I have tried to date a couple other woman with no feelings like this.


----------



## arbitrator (Feb 13, 2012)

helpplease said:


> Thanks VFW another good point.
> My big thing is that when we do not see each other we both describe that we get depressed and use the description that love hurts. I know that it has not been that long but why does it hurt so much?
> I wake up and think of her, go to bed and think of her. She says the same thing. The happiest times are when we are together.
> I have tried to date a couple other woman with no feelings like this.


And that's invariably going to happen. I'm happy for you and envious at the same time fastly hoping for an end to my current marriage after some 18 months of separation and the discovery of longtime rampant cheating on the part of my STBXW.

Take your time, get to know her, and even move in together if you must. But give the marriage itself a little distance as the two of you need a lot more "together time."
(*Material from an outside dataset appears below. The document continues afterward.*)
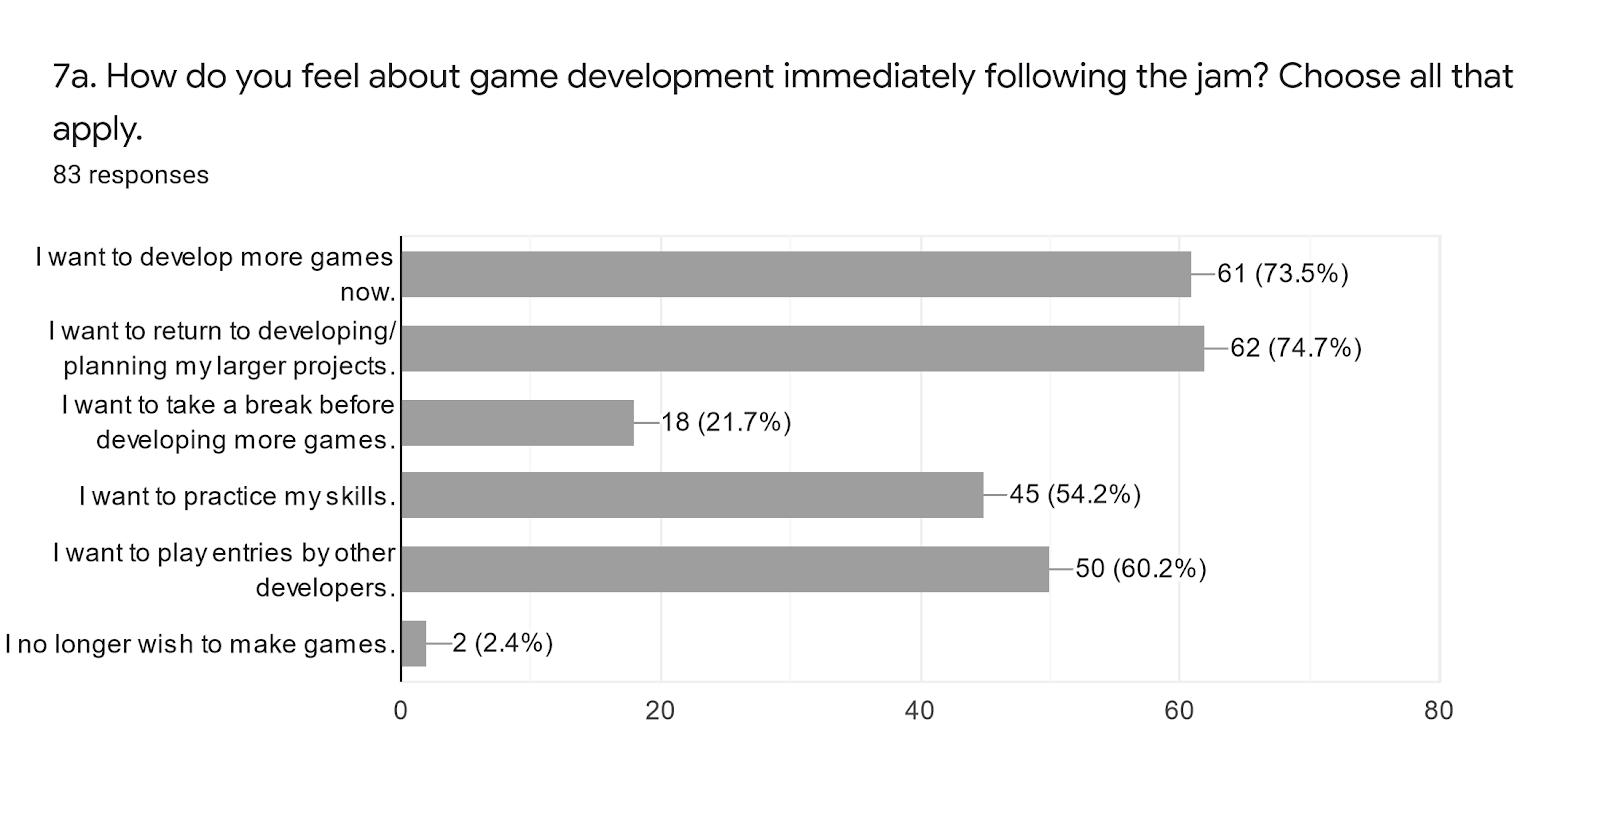 Forms response chart. Question title: 7a. How do you feel about game development immediately following the jam? Choose all that apply.. Number of responses: 83 responses.

I wish you well, my friend!


----------



## EnjoliWoman (Jul 2, 2012)

It's not too soon to be in love post-divorce but waaaay too soon to rush into anything permanent. See each other as often as you can but no talk of marriage. You can always live together for a while if you must. It takes a long time to see someone through good and bad to really be able to gauge them.


----------



## Clark G (Sep 5, 2012)

At this stage you should be smart enough to know what you want, how to spot it, that the beginning phase is full of excitement and love, and so forth.

Your divorce should have taught you how to go with your gut and identify someone that is right for you without settling.

too early? never too early to talk about serious things b/c there is no point wasting your time or theirs about a future. 

i think you are smart for asking the quesiton and seeking answers. I have been in your position and personally i always am weary of the lovey dovey phase as they call it. however with the knowledge i have gained via divorce, classes, life experience, etc. - who ever says the excitement and love you experience early on has to end? things will progress and your relationship will develop and change as you go but that doesn't mean you quit doinig the stuff you do early on.

just my thoughts from someone who has and is going through what you're going through.

Joe


----------



## curlysue321 (Jul 30, 2012)

I met my husband just as my divorce happened. We were dating one month when I moved in. At three months he asked me to marry him. We have been together a year and a half. Things are still perfect. I wouldn't advise moving that fast. Really I took a big chance moving in with him after only a month. We are inseparable and he has never even spoken one harsh word to me. I realize moving this fast was a foolish thing to do. The fact that it worked out so well just means that I am lucky. Just the other day hubby says "things are perfect. We are like the Cleavers from Leave it to Beaver."


----------



## helpplease (May 20, 2010)

Thanks so much everyone. I think that we just need to slow things down and just enjoy our time together.